LONDON (Reuters) - Share markets made broad gains on Wednesday after China reported economic growth a touch above forecasts, a relief for investors who had feared a much weaker outcome.
China’s economy grew 7.4 percent in the first quarter, from a year earlier, pipping forecasts of 7.3 percent. That was welcome news to many given whisper numbers nearer 7 percent, following a string of soft numbers recently.
Other Chinese data for March was mixed, with industrial output a shade under estimates but retail sales picking up.
The relief rippled through Asian markets, with Japan’s Nikkei ending up 3 percent - its biggest gain since February. Hopes of more Bank of Japan stimulus also helped.
Bullish sentiment spread to Europe with the FTSE 100 and DAX opening up 0.8 and 0.9 percent respectively and France’s CAC 40 1.2 percent higher.

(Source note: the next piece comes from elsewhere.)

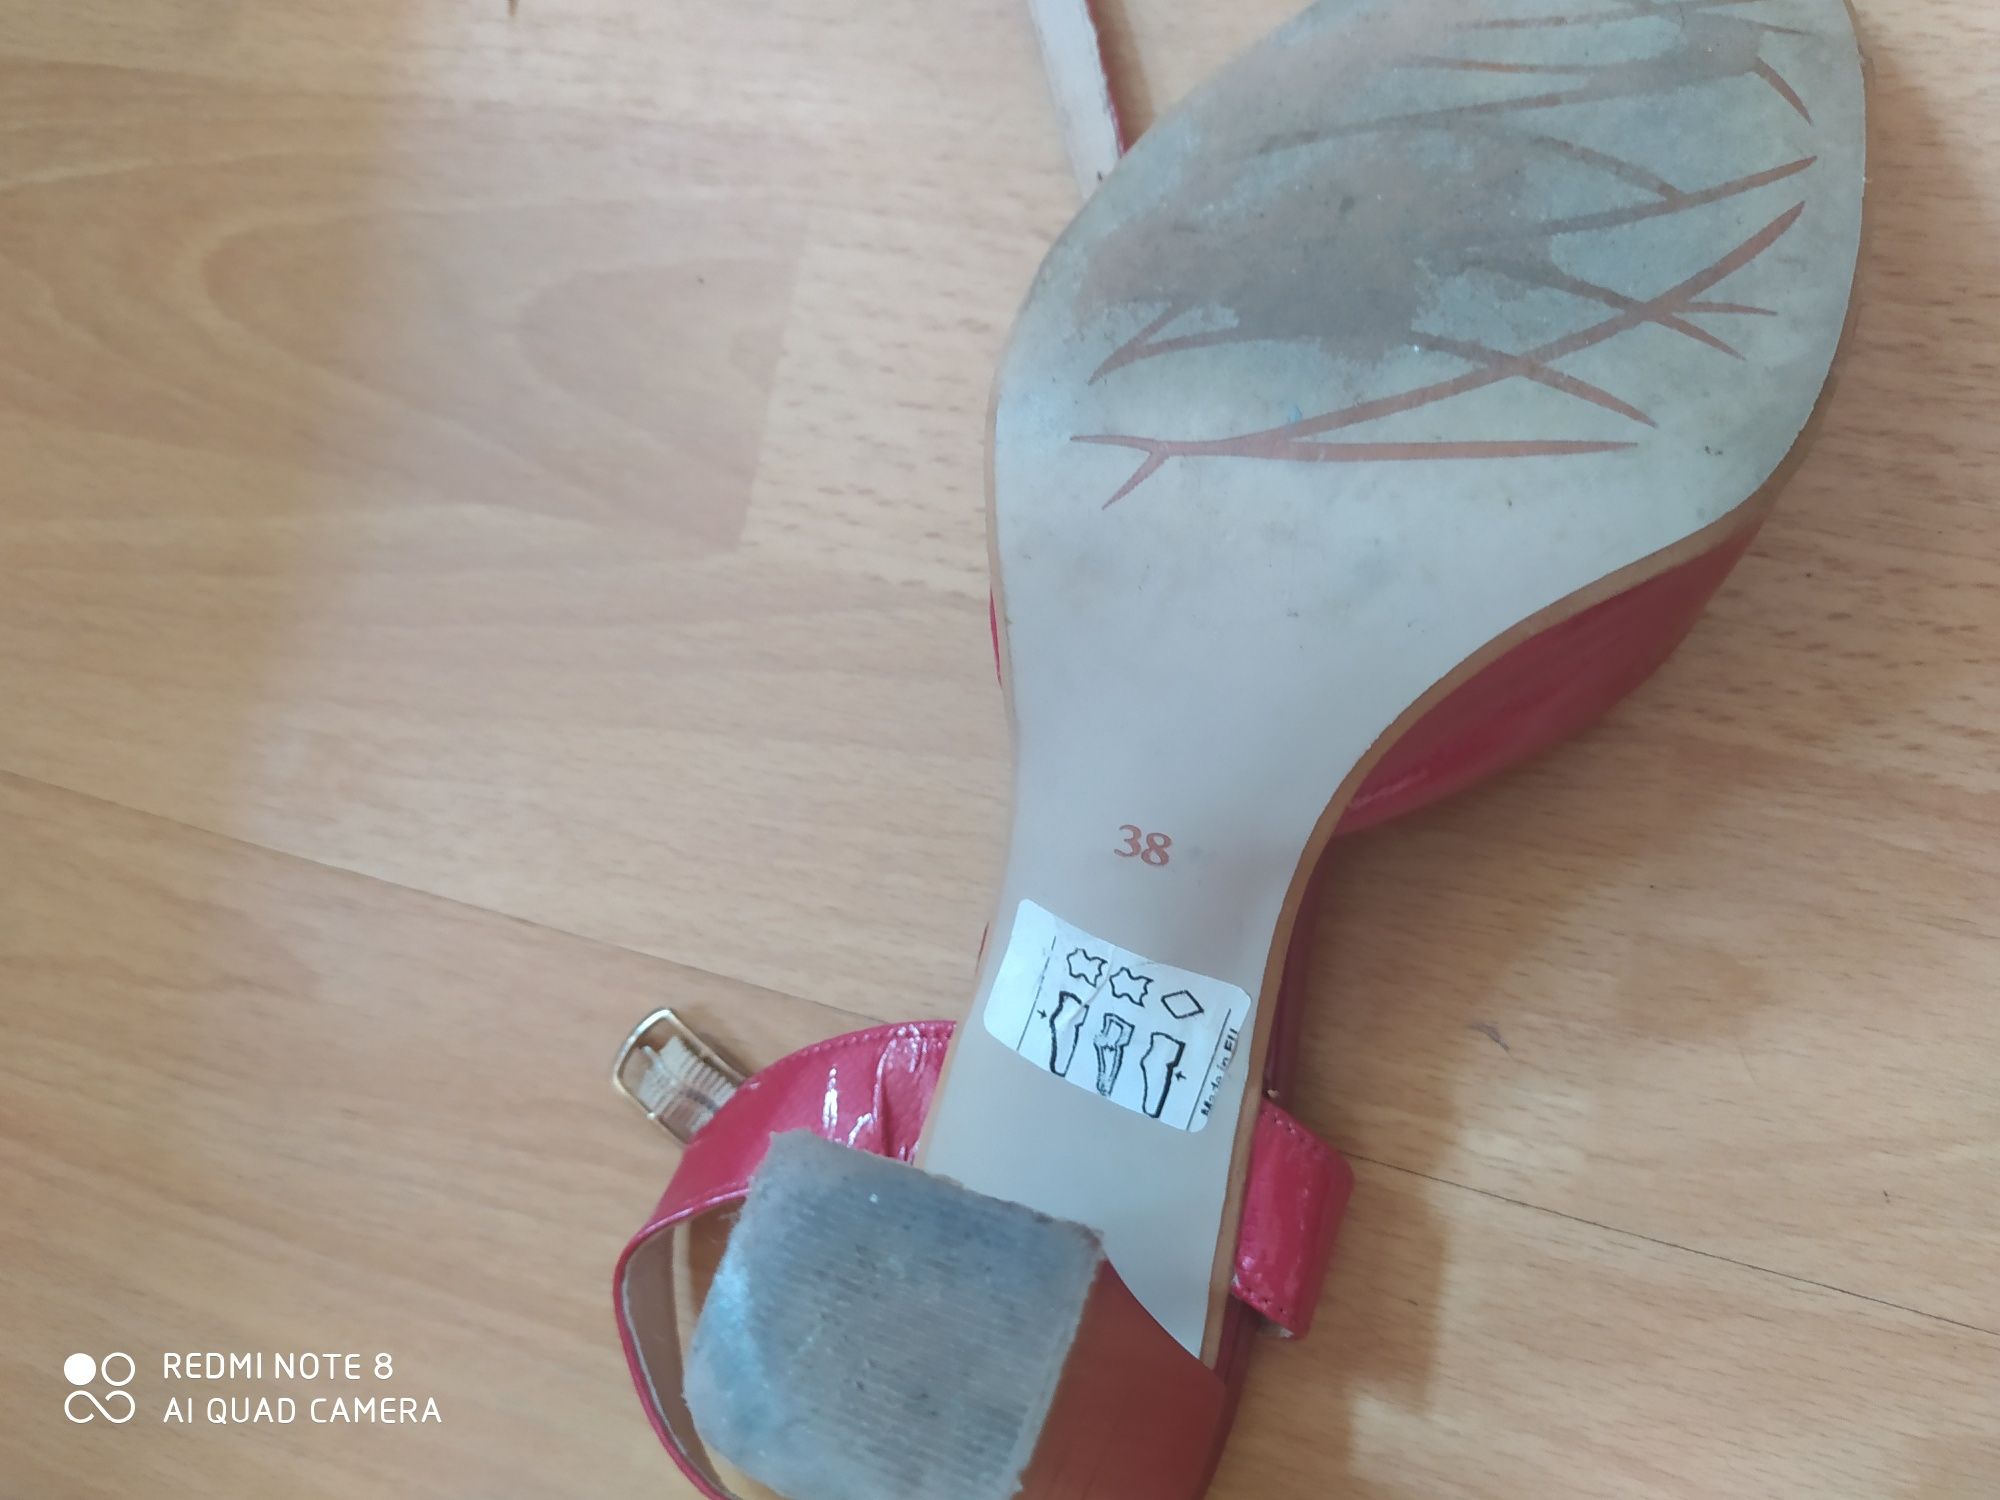 Sandały damskie skórzane markowe rozmiar 3838 skórzane lakierowane

Italy and Spain also rallied, with both up more than 1 percent as they clawed back some of the 6-7 percent they have given up over the last week.

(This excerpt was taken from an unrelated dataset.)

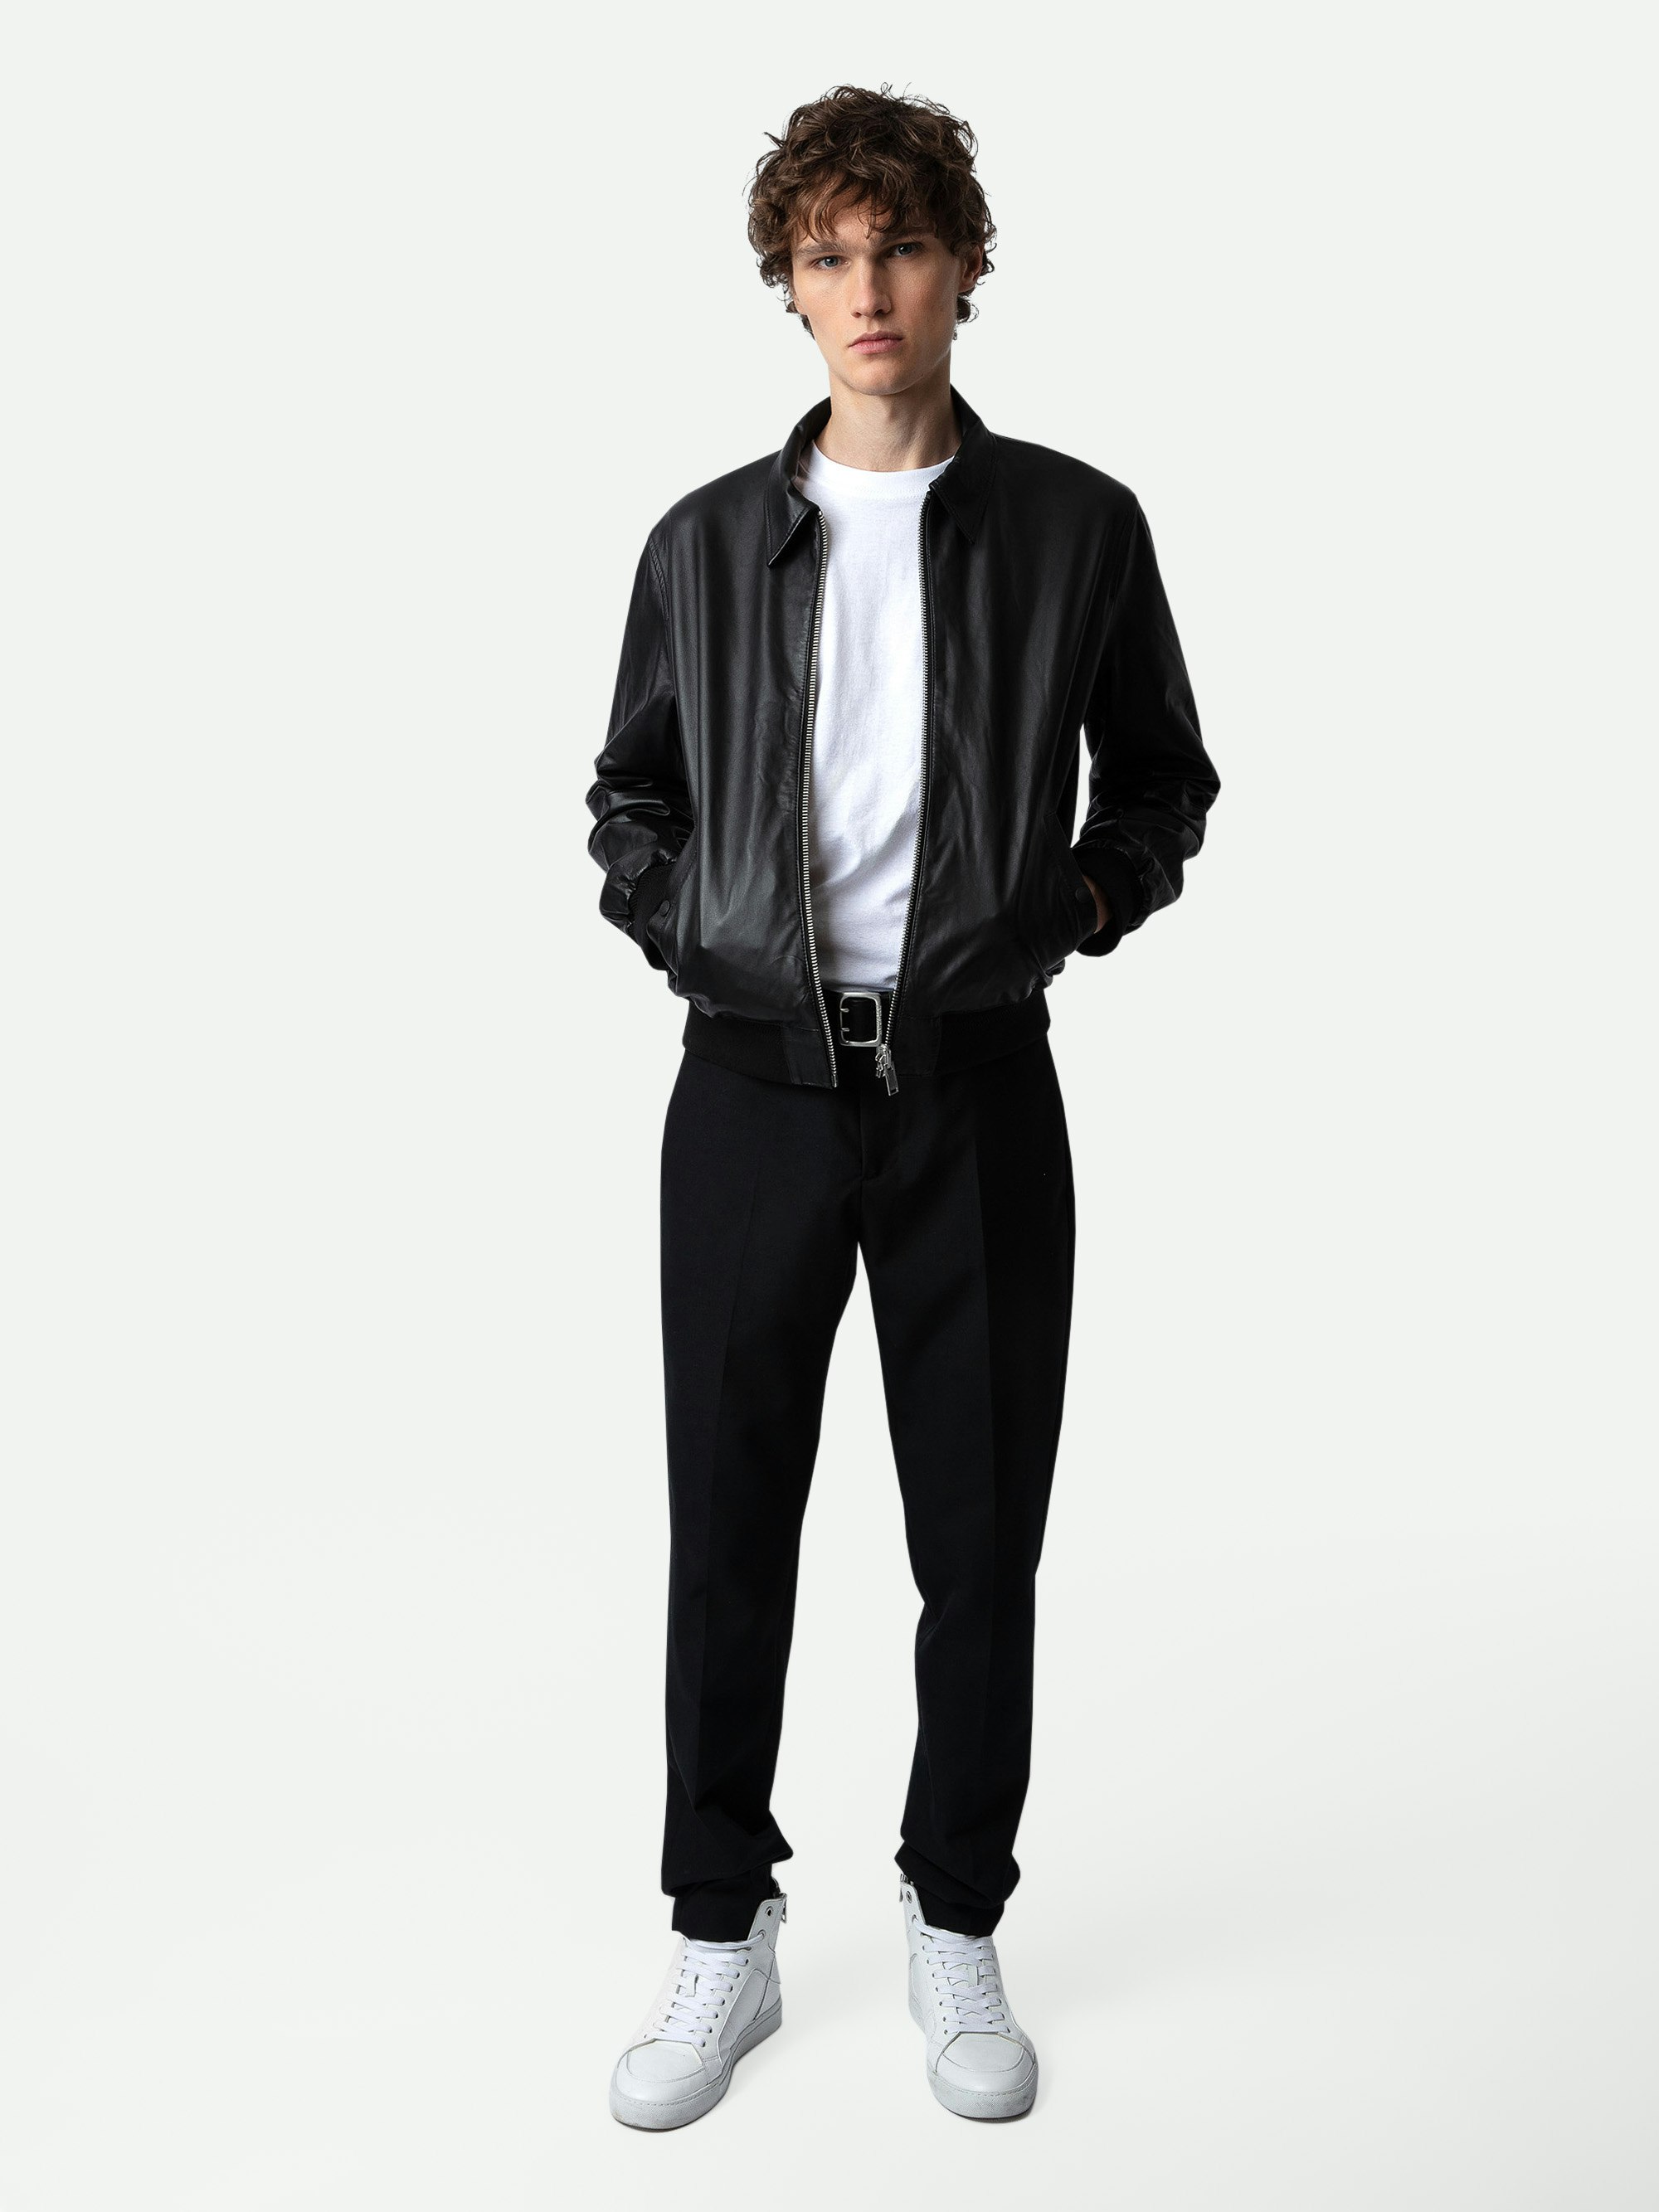 Jacke Mate Leder - Schwarze Wendejacke aus Leder und Nylon mit Taschen und Badge auf dem Rücken.

“It (rises in European stocks) is just ripples continuing on from Asia,” Rabobank emerging market economist Christian Lawrence said.
“China is still on a downward path on growth but clearly the market took some relief in that number ... our basic view is that it will be a gradual slowdown rather than a hard landing.”
The mood had already been lifted by a late rally at the end of a rollercoaster session on Wall Street, thanks mainly to some solid earnings reports.
The Dow rose 0.55 percent and the S&P 500 0.68 percent. The Nasdaq lagged with a 0.29 percent gain, stabilizing after recent sharp falls.
European focus was quickly switching to the day’s slate of data releases. UK employment and earnings numbers and updated March inflation figures for the euro zone are all likely to feed the debate on how much ECB and Bank of England policies could potentially diverge this year.
Markets face another test later when Federal Reserve Chair Janet Yellen speaks on monetary policy and the economic recovery before the Economic Club of New York at 1625 GMT (12.25 p.m. EDT).
Sentiment may get a lift if she offers reassurance that any rise in interest rates will come well after the Fed finishes its asset-buying program.
Capping the mood was caution over the situation in Ukraine after Russia declared the country to be on the brink of civil war and Kiev said an “anti-terrorist operation” against pro-Moscow separatists was under way.
In currency markets, the majors were confined to tight orbits with the euro a fraction higher at $1.3823 while the dollar edged up to 102.20 yen.
The main mover was the New Zealand dollar which took a spill after the country reported inflation at a surprisingly low 1.5 percent in the first quarter. That prompted markets to pare back expectations on how far and fast interest rates might rise there.
The kiwi fell to its lowest in more than a week at $0.8587, and dragged down its Australian counterpart to $0.9359.
In commodities, gold was pinned at $1,301.60 an ounce, well off Monday’s peak at $1,330.90. It had tumbled about 2 percent on Tuesday on heavy stop-loss orders placed by momentum traders as prices broke below the key 200-day moving average.
Benchmark Brent oil dipped 9 cents to $109.27 on developments in Ukraine and the China data, while U.S. crude futures were up 19 cents at $103.94.
“A lot of China watchers have been focused on the idea that the February (industrial production) number was distorted by the (Chinese New Year) holidays and were looking for the March data to confirm that was the case. But that hasn’t come through,” said Michael McCarthy, CMC Markets chief strategist in Sydney.